R. Madhusoodanan, a financial expert based in Muscat, said that the Indian rupee tanked on Monday due to heavy sell off in the Indian stock market by foreign funds, weak employment data released in the US on last Friday and the geopolitical issues in the Middle East. “The rupee closed at a record low of 83.8450 against USD. Heavy sell off happened in global equities as well due to worries of a likely US recession. The Japanese Nikkie market, Nikkie dropped by 12%, the highest in the recent past,” he said.
He also said RBI’s intervention mitigated further downfall of Indian rupee. “India holds a forex reserve of $650 billion which gives comfort to RBI against a big downfall.
The outlook for the INR is range bound in the short term horizon but largely depends on the outcome of the US Fed meeting being held today, key Chinese data and the RBI monetary review happening from 6th of August 2024,” he said.

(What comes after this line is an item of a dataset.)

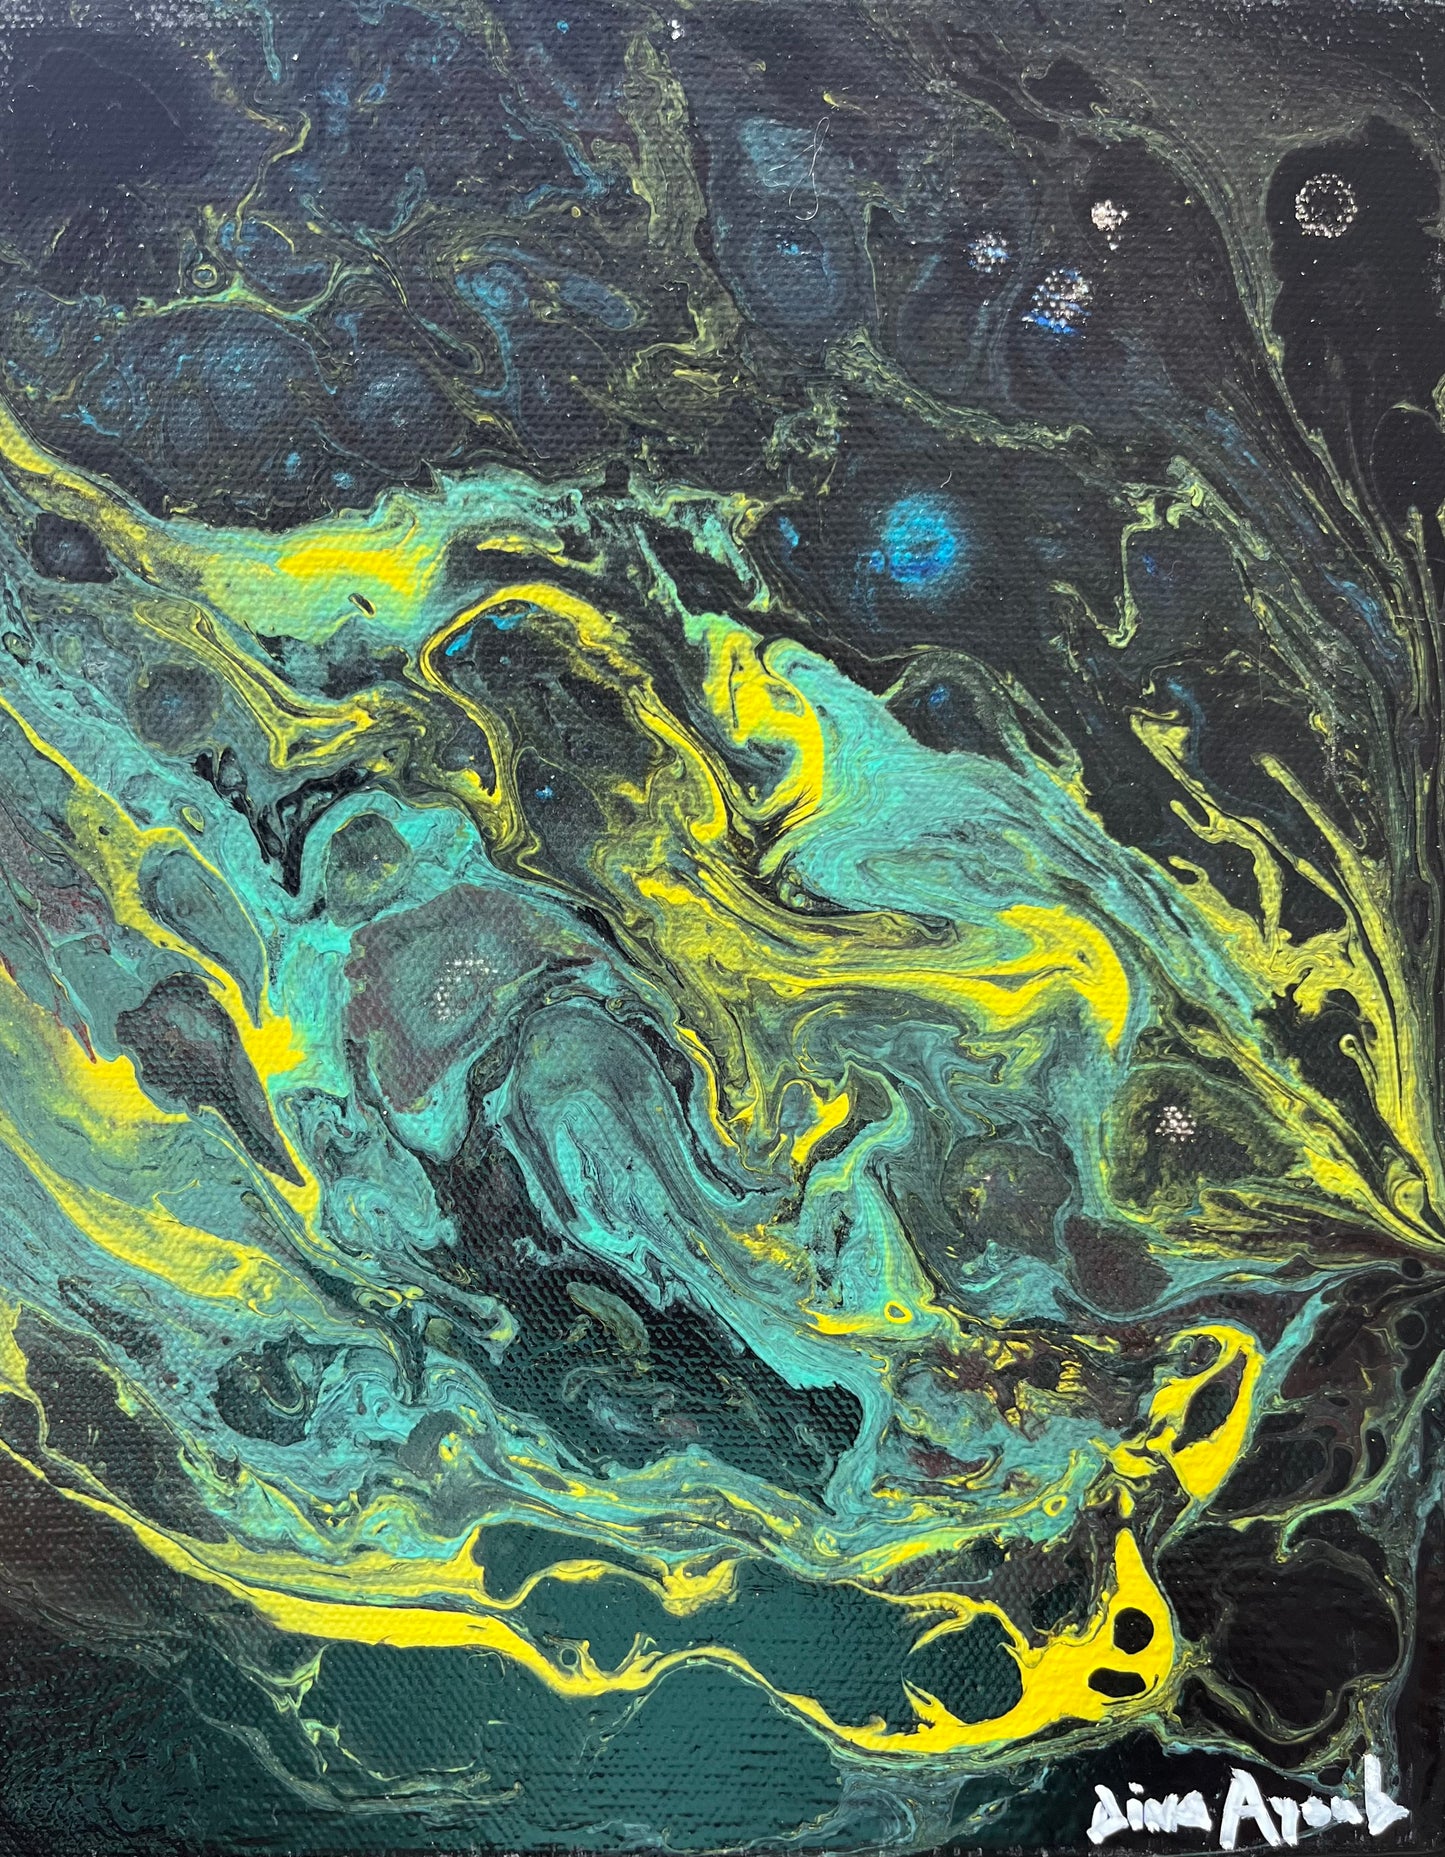 "Meteor," Original Abstract Fluid Art Painting in Black, Yellow and Green.

He also said Bangladeshi Taka(BDT) is also depreciating against the US dollar due to high demand for dollars for settling import payment obligations.
“The BDT rate fixed by the Government for the last 2 months was 118 against $. However, of late, banks are seen offering higher rates. BDT rate is likely to weaken further, at least temporarily, owing to the current political situation in Bangladesh,” he added.
On Monday, exchange houses in Oman were offering 309 Bangladeshi Taka against one Omani rial.
He also said that usually blue collar workers try to take full advantage of the spike in exchange rate and send more money home during this time. “So, there is usually a marginal increase in remittances during this stretch,” he remarked.
Rupee hits all-time low
The Indian rupee depreciated versus the US dollar on Monday to touch its all-time low, tracking global heavy selling in stock markets, over risks that the US may potentially slip into recession.
At 12.18 pm on Monday, the Rupee traded at 83.85 versus Friday’s closing of 83.75. It opened at 83.78, surpassing the previous lifetime low of 83.7525 from Friday.
Analysts say that the Rupee’s fall is in line with the weakness in the global market, US recession fears, and add to it the geopolitical tensions.
“U.S. recession concerns led to worries about foreign outflows from India and emerging markets,” said Mumbai-based Ajay Kedia of financial services firm Kedia Advisory.
“The fall is attributed to concerns over a potential U.S. recession, which has spurred worries about foreign outflows from India and other emerging markets. The selloff in U.S. and Asian equities, following a disappointing U.S. jobs report, has intensified these concerns, causing significant market jitters,” Kedia said in a report.
The weak U.S. jobs report released on Friday showed that the economy added only 114,000 jobs in July, significantly below market expectations of a 175,000 increase. Additionally, the unemployment rate unexpectedly jumped to a high of 4.3 per cent, and wage growth slowed more than anticipated.
Kedia said the Reserve Bank of India might allow USD/INR to move higher to 83.90. He sees support at 83.45, and resistance at 83.95; and breaking 83.95 could push it to 84.10/84.20.
Jamal Mecklai, a veteran in the financial market, said, “US recession fears, equity market collapse would create a risk-off sentiment. Equity decline could be quite serious and could last for a long time. So the rupee will naturally take some pressure.”
In 2022-23, the Indian Rupee was in the news cycle for a considerable part, though not for good reasons.
Monetary policy
Monetary policy tightening by various central banks to contain inflation, the war in Ukraine leading to price rise for crude oil and subsequent realignment in the global energy supply chain, and strengthening of the US dollar index kept the Indian currency under pressure.
Since then, the rupee has been off the news cycle, as it traded largely steady months thereafter.
In 2022, the Rupee depreciated over 11 per cent on a cumulative basis, data showed. It breached the 83-mark against the US dollar in mid-October, to hit an all-time low.